I turn around slowly so I’m standing sentinel over her and Jake. Laney looks panicked, but he is perfectly calm, unmoving.

“It’s okay,” Laney says. “It’s okay. It’s okay.”

“Stop saying that! It is not okay!” I yell. “It is so
not
okay! It isn’t okay for a guy to treat you like you’re a piece of crap—” I point to Jake “—and it isn’t okay for you to be a raging asshole for no reason, and we have to stop pretending things are okay.
Nothing
is okay.”

I can see the road from here. A pickup truck rolls by, slows as it approaches the van but doesn’t stop. None of us speak until it’s out of sight.

“I’m sorry,” Jake says. He turns to Laney. “I didn’t mean it.”

She lifts a shoulder and drops it. “Yeah, you did,” she says, very pointedly avoiding eye contact. “Whatever. It’s fine. I mean. It’s not fine, but I forgive you or whatever.” She looks to me. “Will you get down now?”

“All right.” I sit and shimmy off the rock, land on the dusty ground. “Let’s go fix the damn tire.”

“Shit.” Jake stares into the back of the van with one hand slapped over his face. “Shit. Shit. Shit.”

“You’re an idiot,” I tell him. “A spare but no jack? You are such. An. Idiot.”

“Eli must’ve borrowed it and not put it back,” he says. He’s still moving around bags and blankets, searching for the jack even though we’ve torn the van apart five times already. “Shit.
Shit.”

I look at Laney, sitting on the side of the road, squinting down at her cell phone. She’s been texting Seth for the last fifteen minutes. “What does Seth say?” I ask.

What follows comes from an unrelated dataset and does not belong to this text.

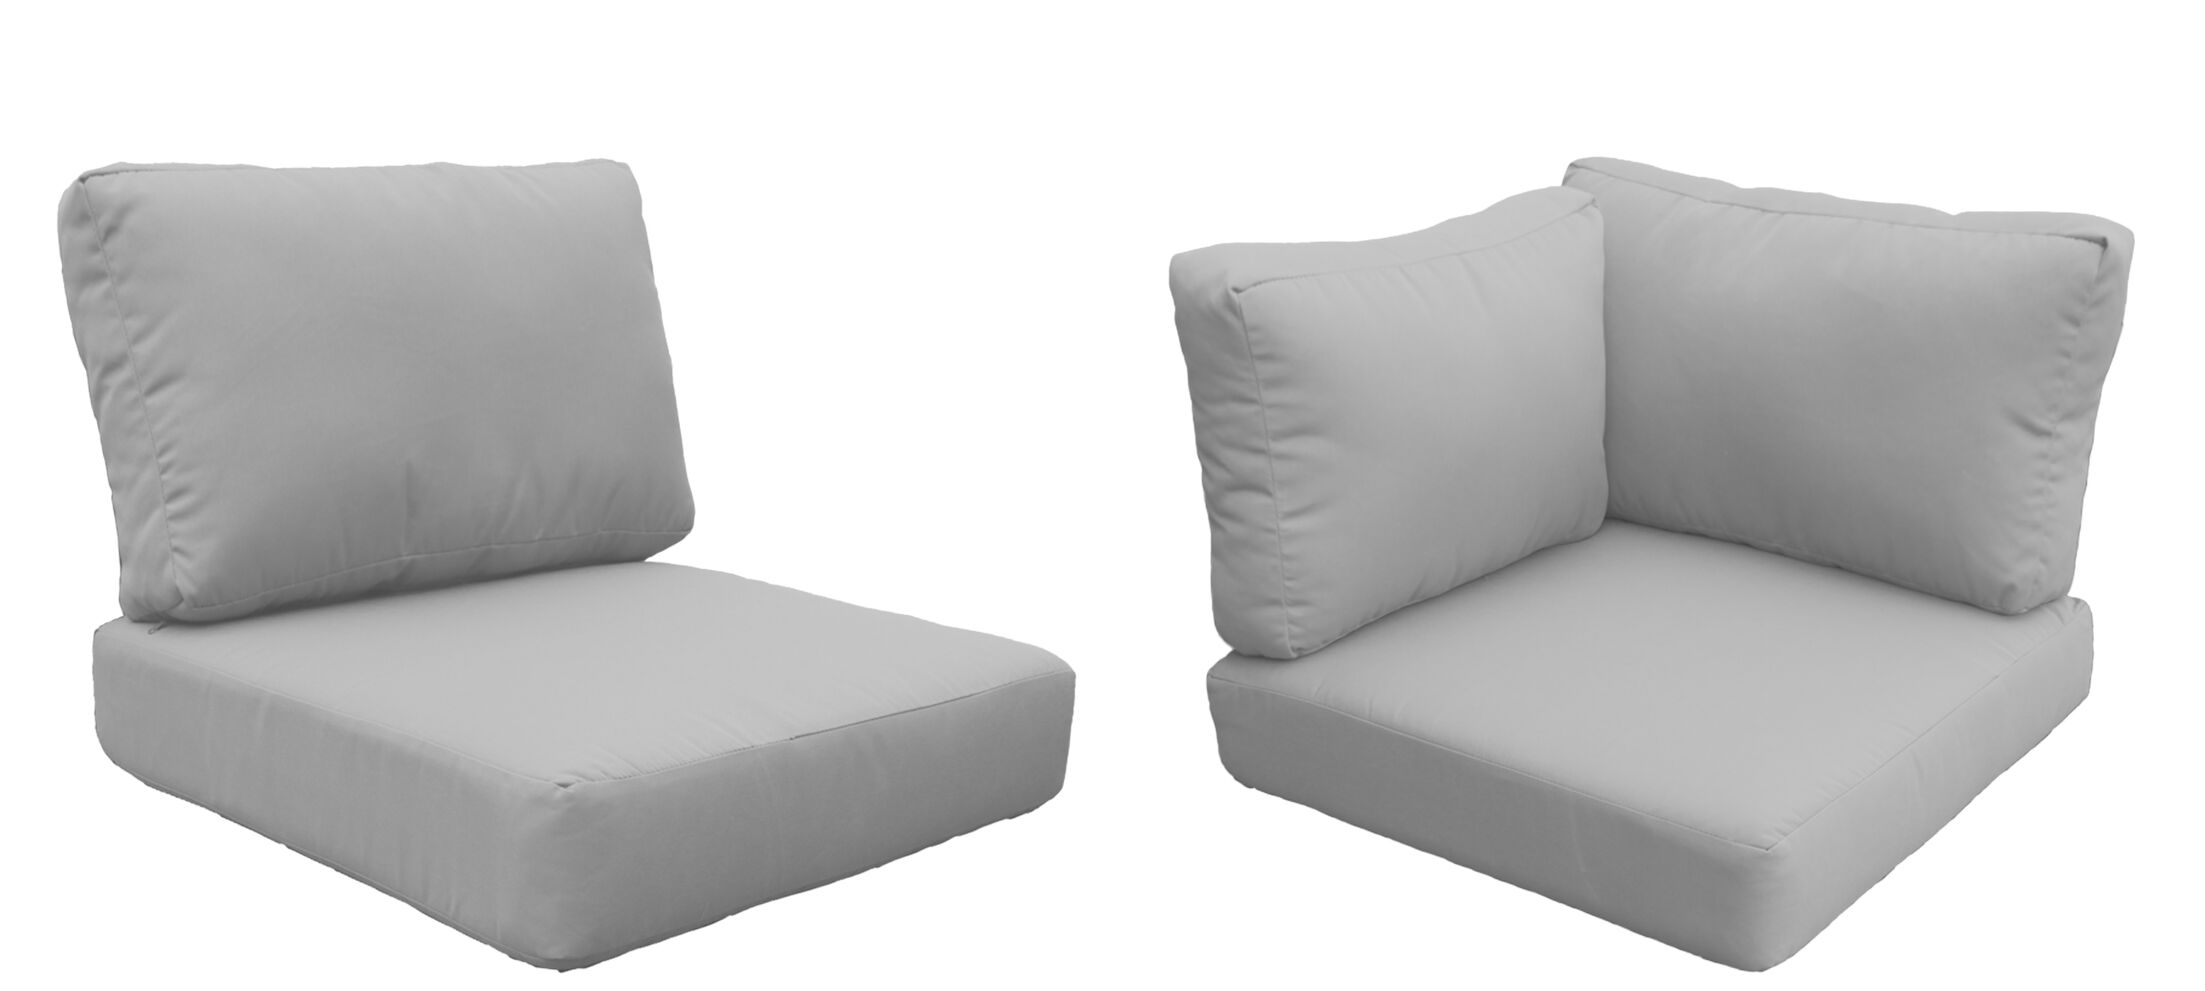 Fairmont 13 Piece OutdoorLounge Chair Cushion Set Fabric: Gray
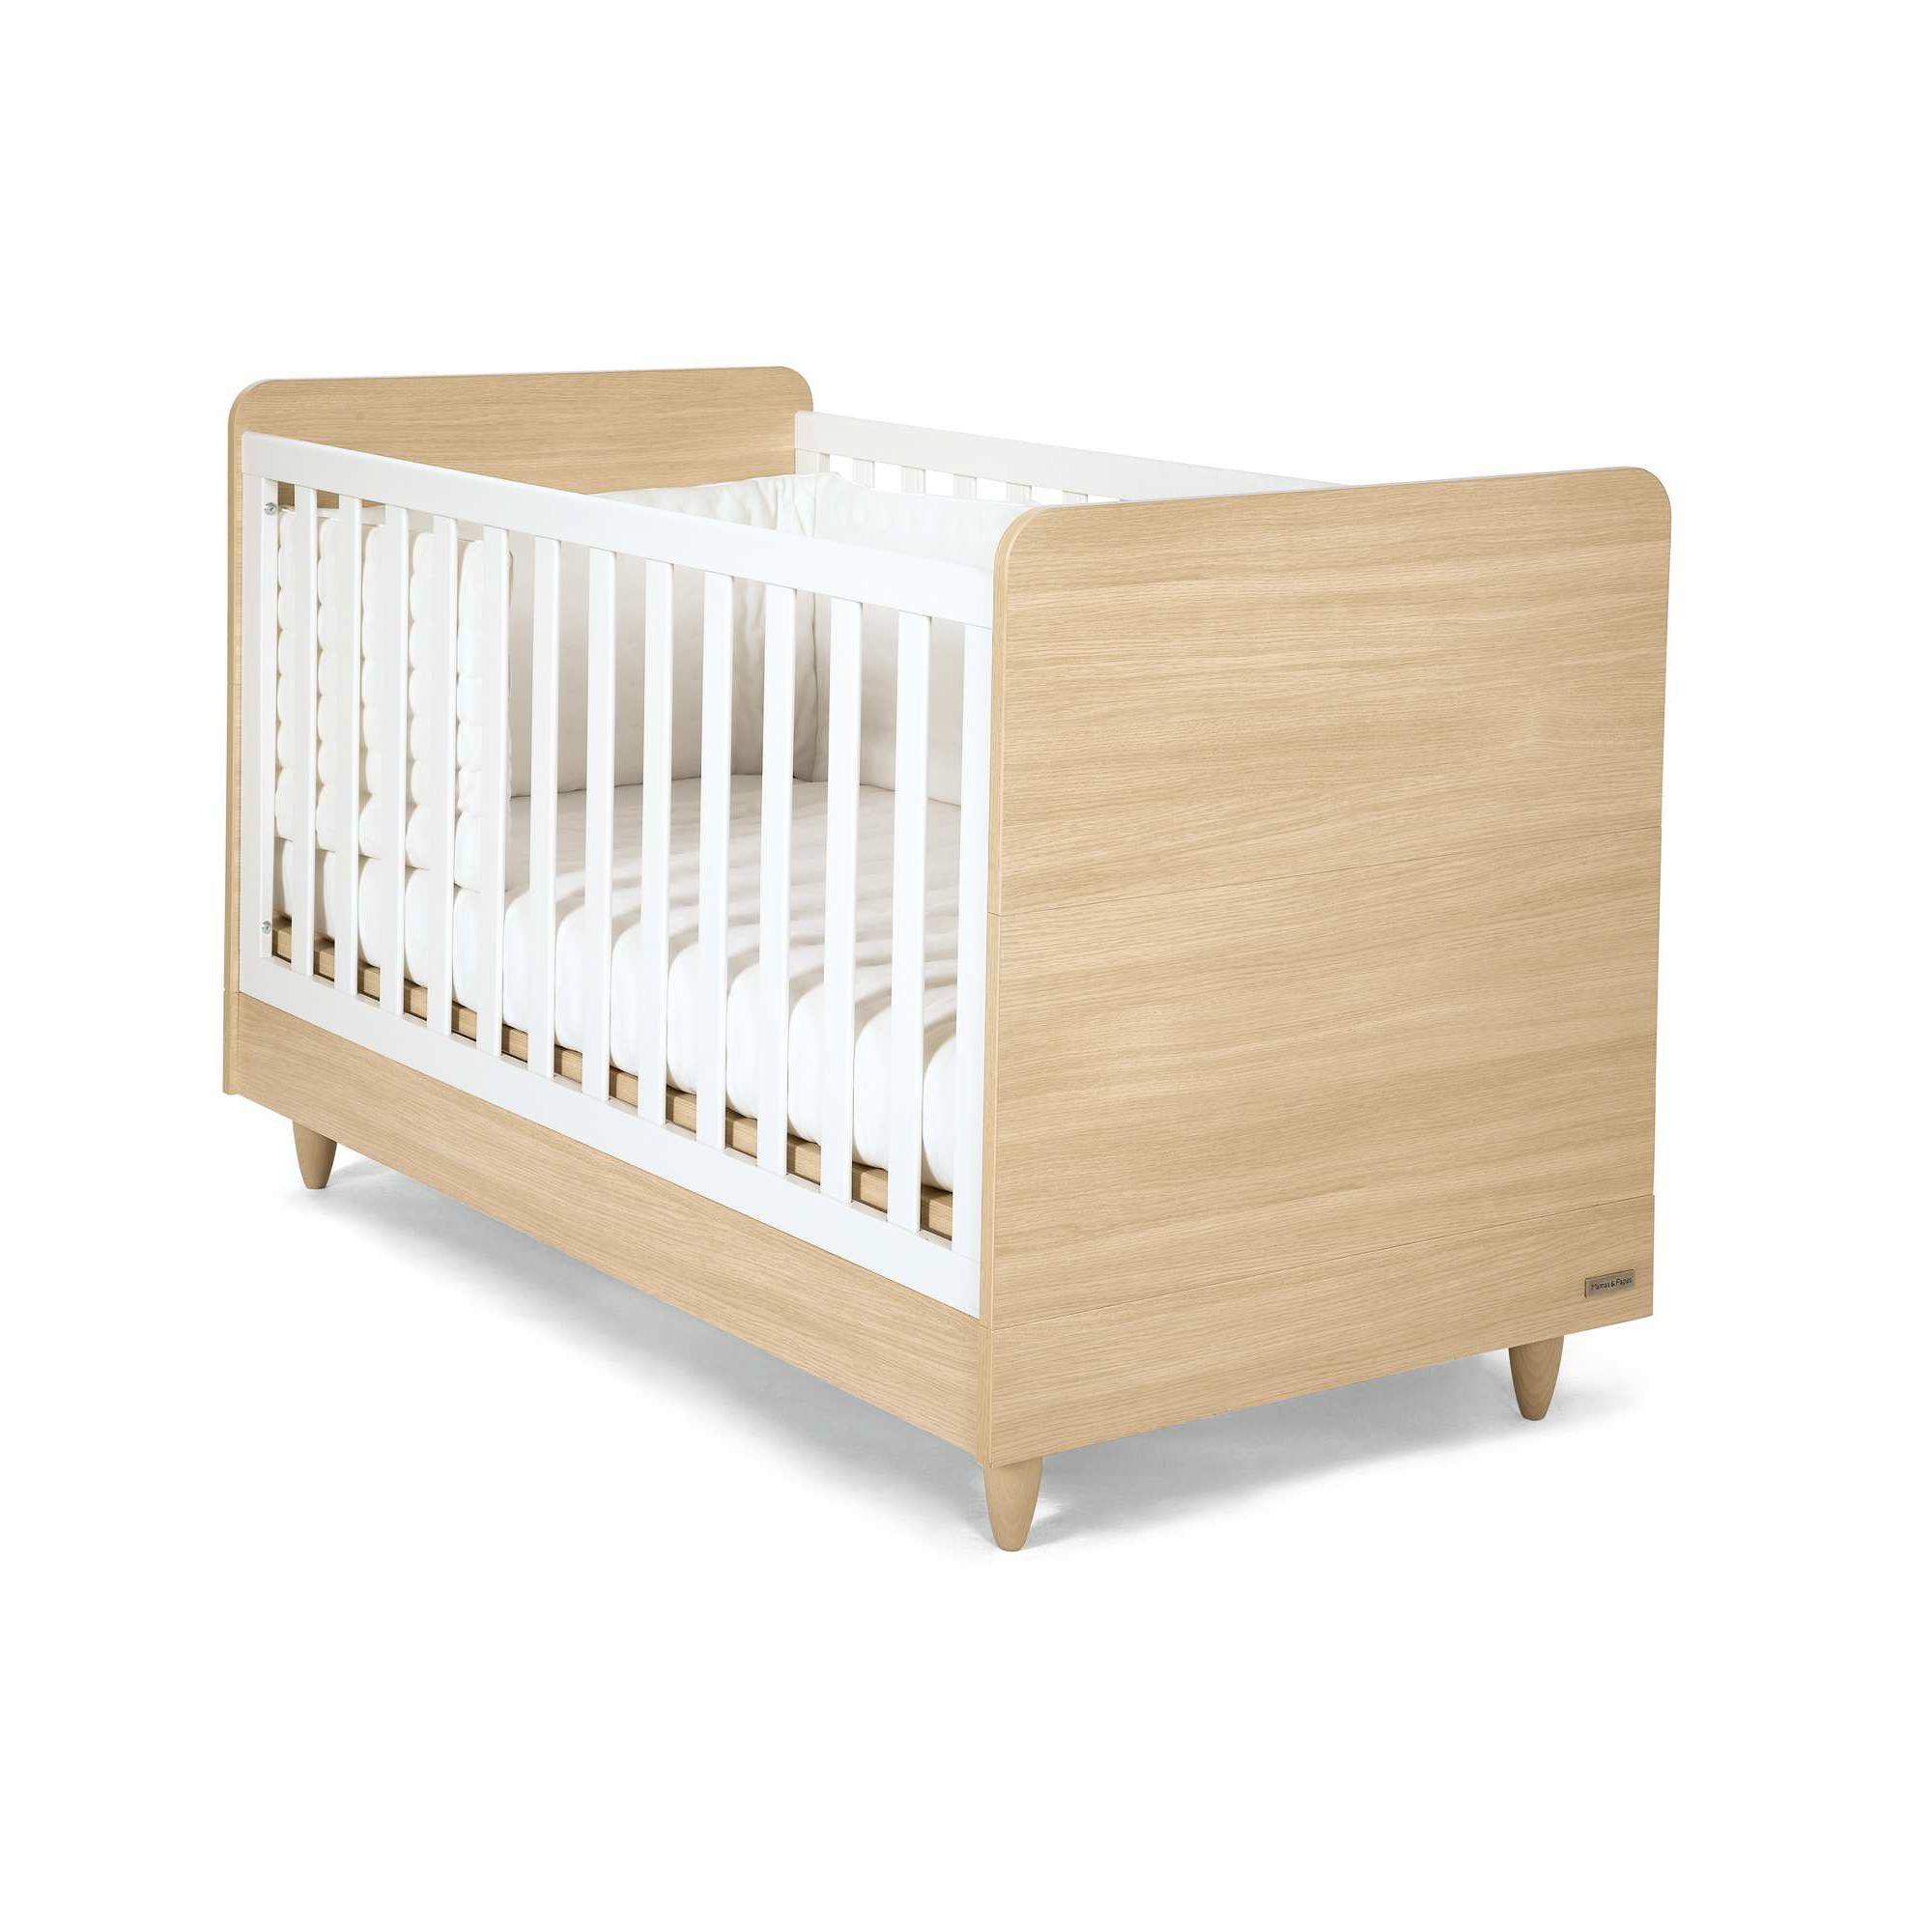 Mamas & Papas - Manhattan Cot/Toddler Bed - Natural/White at Tesco Direct

“Seth says, and I quote, ‘Jake is an idiot,’” she says. Seth is a good study of human character.

Jake curses a few more times and stalks off around the van, jumping up and sitting on the hood. I follow and watch as he paws his pockets madly, until he eventually fumbles out a cigarette. I walk around so I’m standing in front of him.

“What should we do?” I ask.

He doesn’t look at me as he shakes his lighter and tries to flick up a flame. “Do I look like I have an answer to that?” I really could just punch him in the mouth, I swear.

“What is wrong with you?” I snatch the lighter out of his hands and throw it on the ground. “Why are you being such a dick?”

He stares at me with the unlit cigarette hanging on his lower lip and says, “We’re not friends, Harper. Don’t act like we are.”